3. Are you exercising your senior dog?

You may feel inclined to let your older dog rest her weary bones, especially if she’s led an active life from puppyhood, but dogs need to stay active for as long as possible. Exercise is really good for seniors as it helps to maintain muscle tone, which in turn supports their bones and joints. Go at your dog’s pace, so for an older dog, just reduce the duration and intensity of the exercise. Shorter, slower walks and activities will still help to keep your furry friend in good shape. If it’s too nippy outside, inside games are just as good to keep your dog active at a lower intensity. And don’t forget the mental stimulation as well – old dogs can learn new tricks!

Keep fresh water close by to keep your old buddy properly hydrated.

4. Does your old dog need a warm jacket?

There are pros and cons of dressing your dog in a jacket, but when it comes to senior dogs, this issue needs more careful consideration.
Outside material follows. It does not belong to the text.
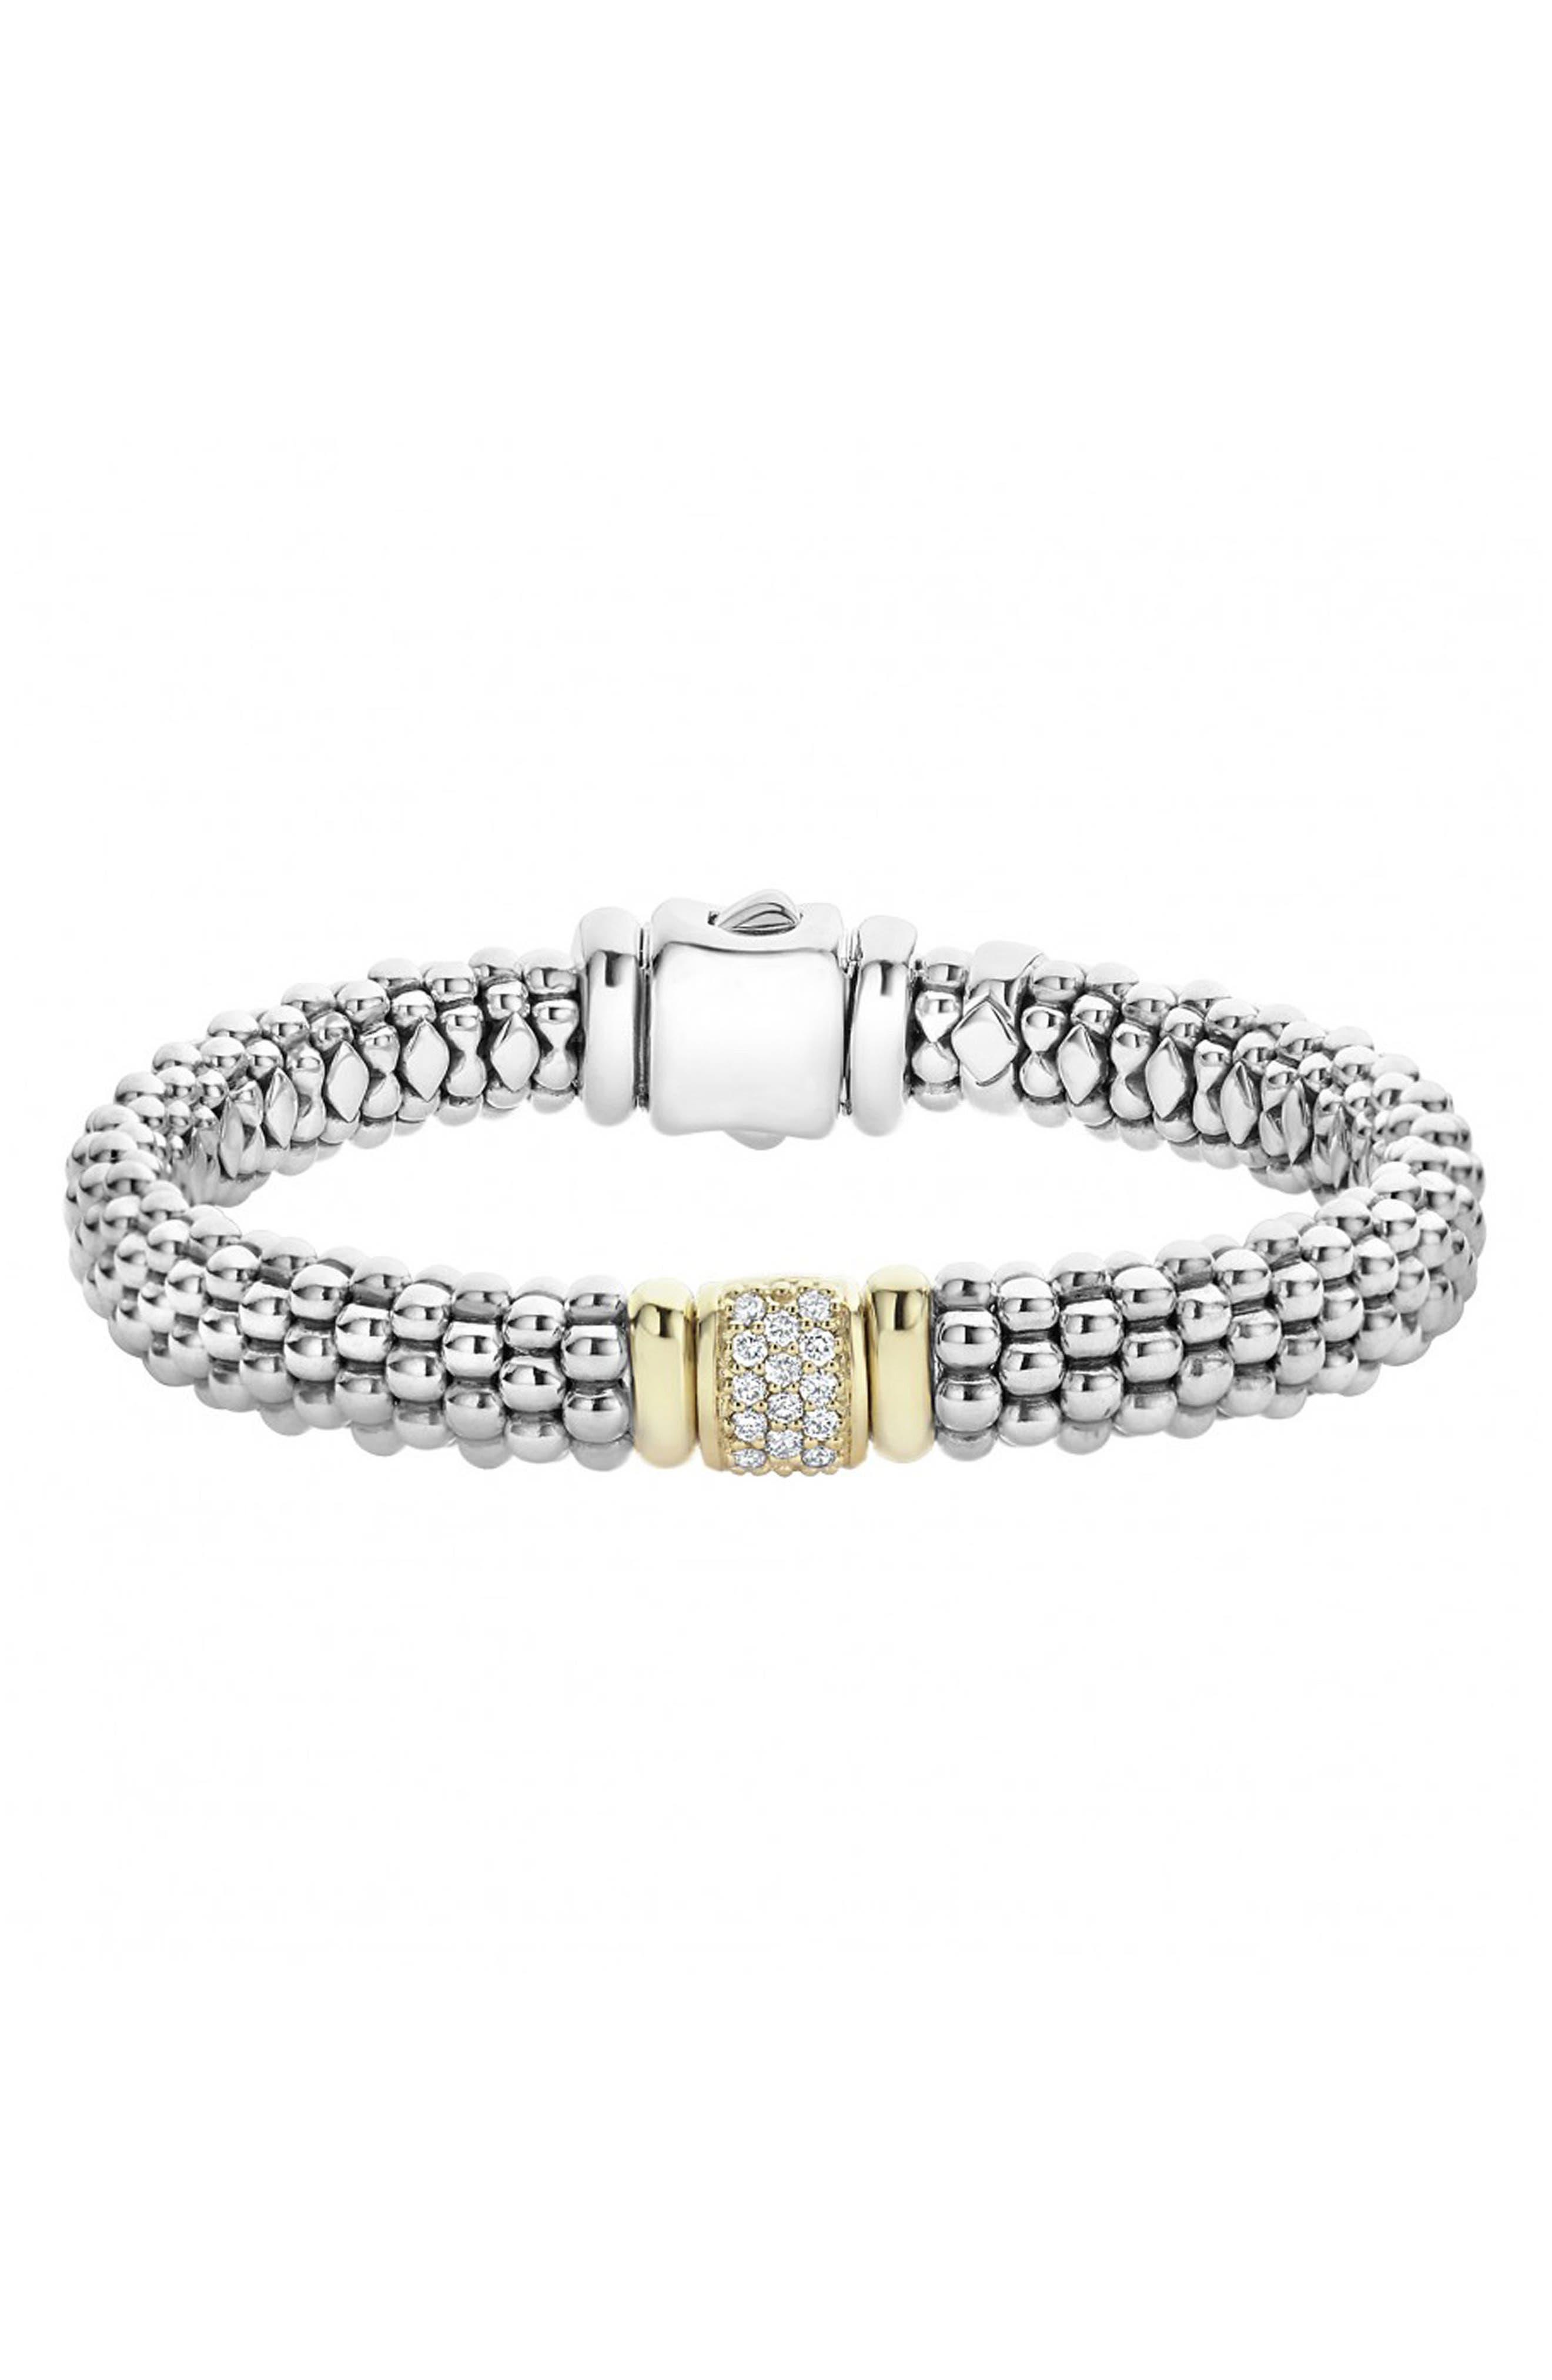 Caviar & Diamond Bracelet,                             Main thumbnail 1, color,                             STERLING SILVER/ GOLD

Older dogs may not have very strong immune systems, their coats are thinner (especially short-haired breeds) and they get cold faster, so they will likely need some ‘synthetic assistance’ in winter. Choose a doggy jersey or jacket that is a comfortable fit (not too loose, not too tight) and one that your dog is happy to wear. Take it off regularly for grooming and to assess your dog’s acclimatisation.

5. How often does your vet see your senior dog?

Even if your senior dog doesn’t look ill, it’s important to take him for a vet check-up at least once a year – twice for peace of mind. If you have any questions about your senior pet’s appetite, weight or diet, exercise regimen, or any behavioural concerns, your vet will be able to answer them and provide solutions.

When it comes to senior pets, prevention is better than cure, especially when it comes to their health and wellbeing in winter.